# Flash Game Lag issues



## PhatChance (Jul 15, 2009)

I recently redownloaded the flash game N on my new(ish) PC. The new PC is running Vista, whereas the older one was on XP. I rarely had lag issues on the computer running XP, but now I get slight drops in framerate, enough to cause repeated deaths. 

It's not a huge problem I know, but definitely an annoyance. I was using flash 7, but I upgraded to flash 10 to see if that would help, and it doesn't seem to have.
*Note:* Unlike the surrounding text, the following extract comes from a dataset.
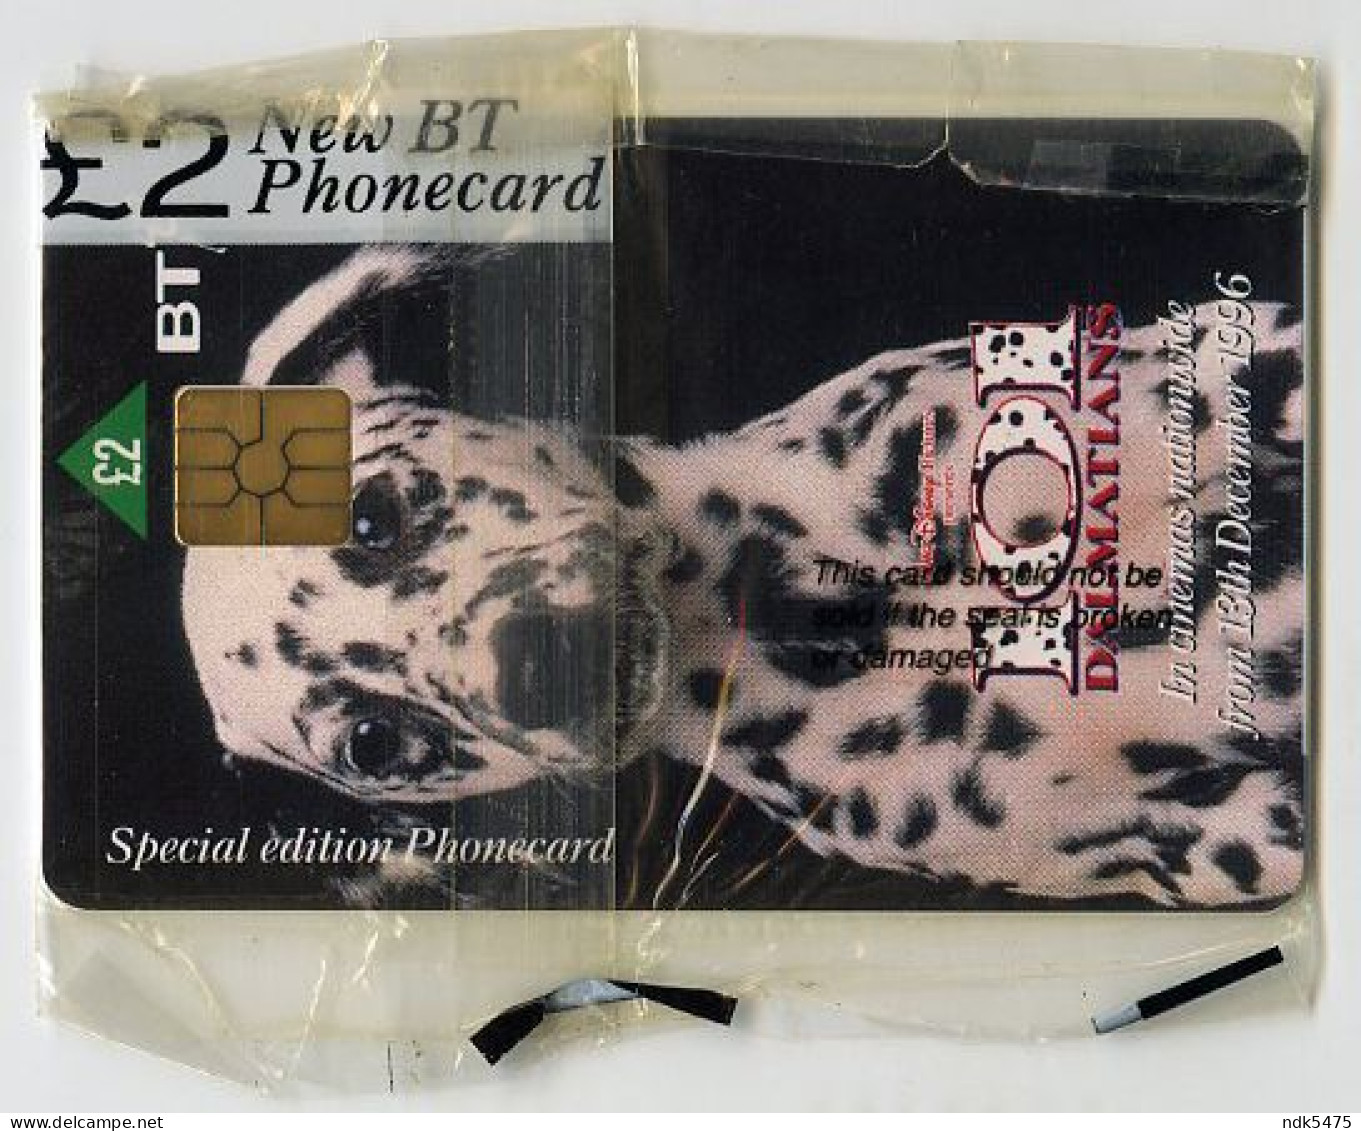 BT PHONECARD : 101 DALMATIONS - 1996 FILM : £2 - BT Promotional

Would running in compatability mode help at all?

Here's the link to the official website, I do recommend the game, and I'd love to get these little issues sorted
http://www.thewayoftheninja.org/n.html


----------



## Lord Sirian (Jan 14, 2007)

Hi and welcome to TSF.

You can try running it in compatibility mode.

Do this by:

Right click on the "N" launch icon -> Click the "Compatibility" tab -> Tick "Run in compatibility mode" -> XP


----------



## McNinja (Jun 22, 2008)

What are your PC specs?

CPU
RAM
motherboard
Graphics Card
PSU

I know this game can be run on almost any computer but this is important to know.


----------



## RockmasteR (Aug 10, 2007)

try to download Adobe Shockwave Player from *here*


----------



## PhatChance (Jul 15, 2009)

Okay, sorry about the delay in any reply, I was away for a few days. Sadly Compatibility mode does nothing to alleviate the problem, and although I downloaded both Flash 10 and Shockwave, the main game seems to be still running as Flash 7, which mystifies me a tad.

Here are the specs:
CPU - Intel Core 2 Duo Mobile T5850
RAM - 3Gb
motherboard - PC Wizard gives me Sony Corporation VAIO for 'Mainboard' not sure if they're exactly the same
Graphics Card - Mobile Intel(R) 4 Series Express Chipset Family

PSU


----------



## RockmasteR (Aug 10, 2007)

try to set the display color at 16 bit and see if that fixes the problem

right click on your desktop -> personalize -> Display Settings
choose 16 bit instead of 32 bit


----------



## McNinja (Jun 22, 2008)

*EDIT: double post*


----------



## McNinja (Jun 22, 2008)

I would like you to uninstall Flash and shockwave with Revo Uinstaller to see if maybe there is something corrupt with your versions.

Revo Uninstaller

Then reinstall Flash and Shockwave.

Flash
Shockwave


----------